The numerous and diverse eukaryotic viruses with large double-stranded DNA genomes that at least partially reproduce in the cytoplasm of infected cells apparently evolved from a single virus ancestor. This major group of viruses is known as Nucleocytoplasmic Large DNA Viruses (NCLDV) or the proposed order Megavirales. Among the "Megavirales", there are three groups of giant viruses with genomes exceeding 500kb, namely Mimiviruses, Pithoviruses, and Pandoraviruses that hold the current record of viral genome size, about 2.5Mb. Phylogenetic analysis of conserved, ancestral NLCDV genes clearly shows that these three groups of giant viruses have three distinct origins within the "Megavirales". The Mimiviruses constitute a distinct family that is distantly related to Phycodnaviridae, Pandoraviruses originate from a common ancestor with Coccolithoviruses within the Phycodnaviridae family, and Pithoviruses are related to Iridoviridae and Marseilleviridae.
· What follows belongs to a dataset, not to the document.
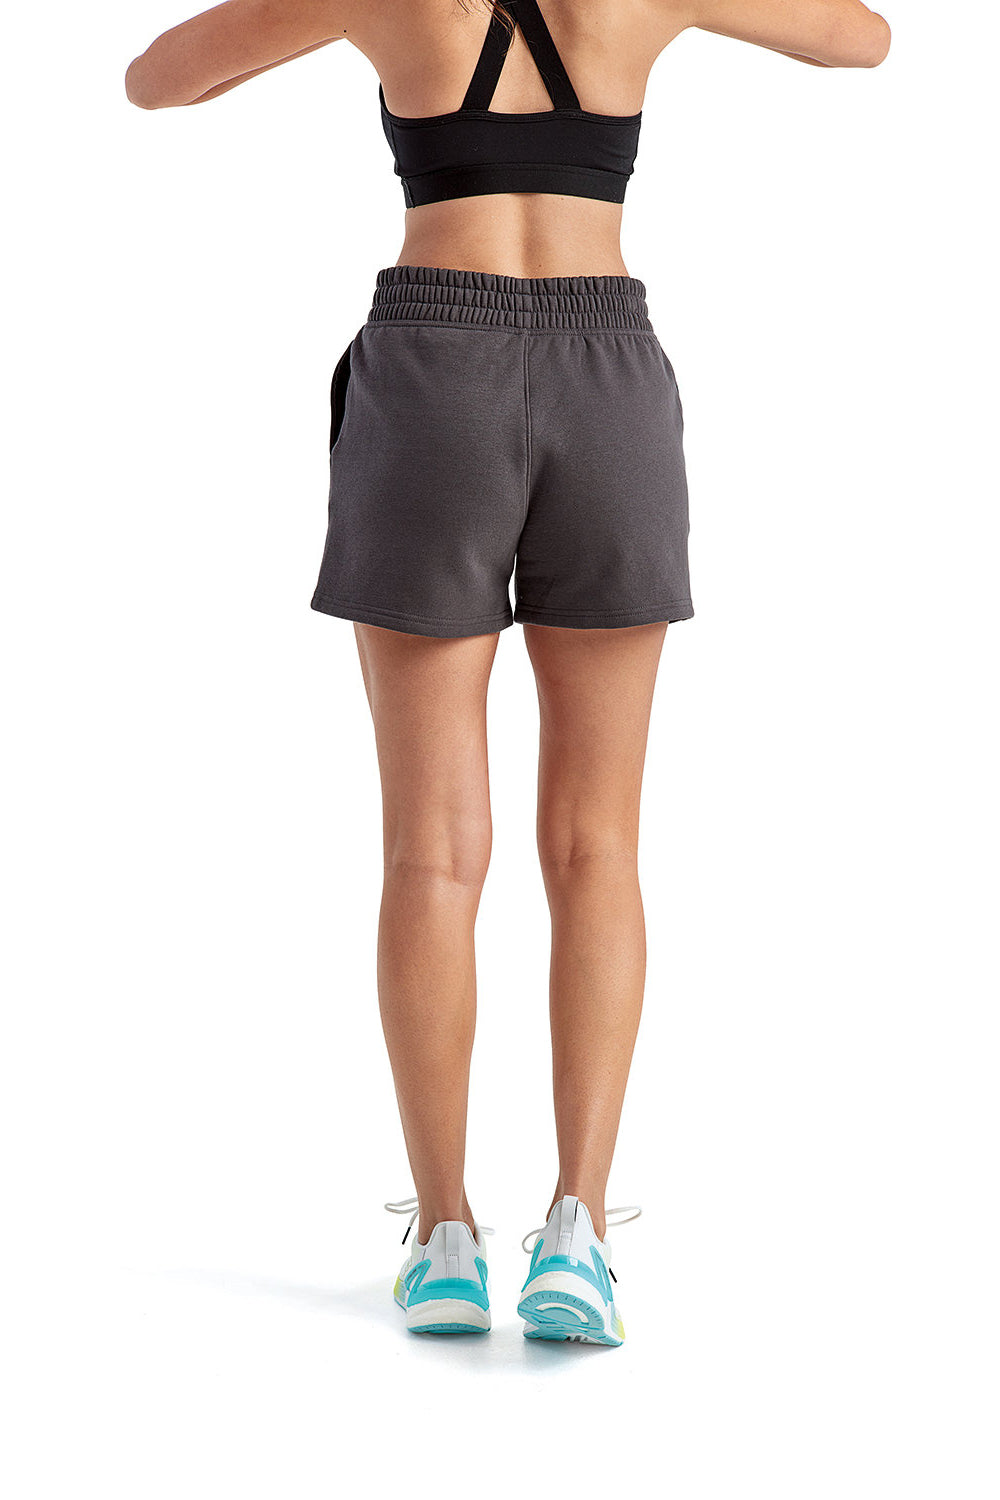 TriDri TD062 Womens Maria Jogger Shorts w/ Pockets Charcoal Grey Back

Maximum likelihood reconstruction of gene gain and loss events during the evolution of the "Megavirales" indicates that each group of giant viruses evolved from viruses with substantially smaller and simpler gene repertoires. Initial phylogenetic analysis of universal genes, such as translation system components, encoded by some giant viruses, in particular Mimiviruses, has led to the hypothesis that giant viruses descend from a fourth, probably extinct domain of cellular life. The results of our comprehensive phylogenomic analysis of giant viruses refute the fourth domain hypothesis and instead indicate that the universal genes have been independently acquired by different giant viruses from their eukaryotic hosts.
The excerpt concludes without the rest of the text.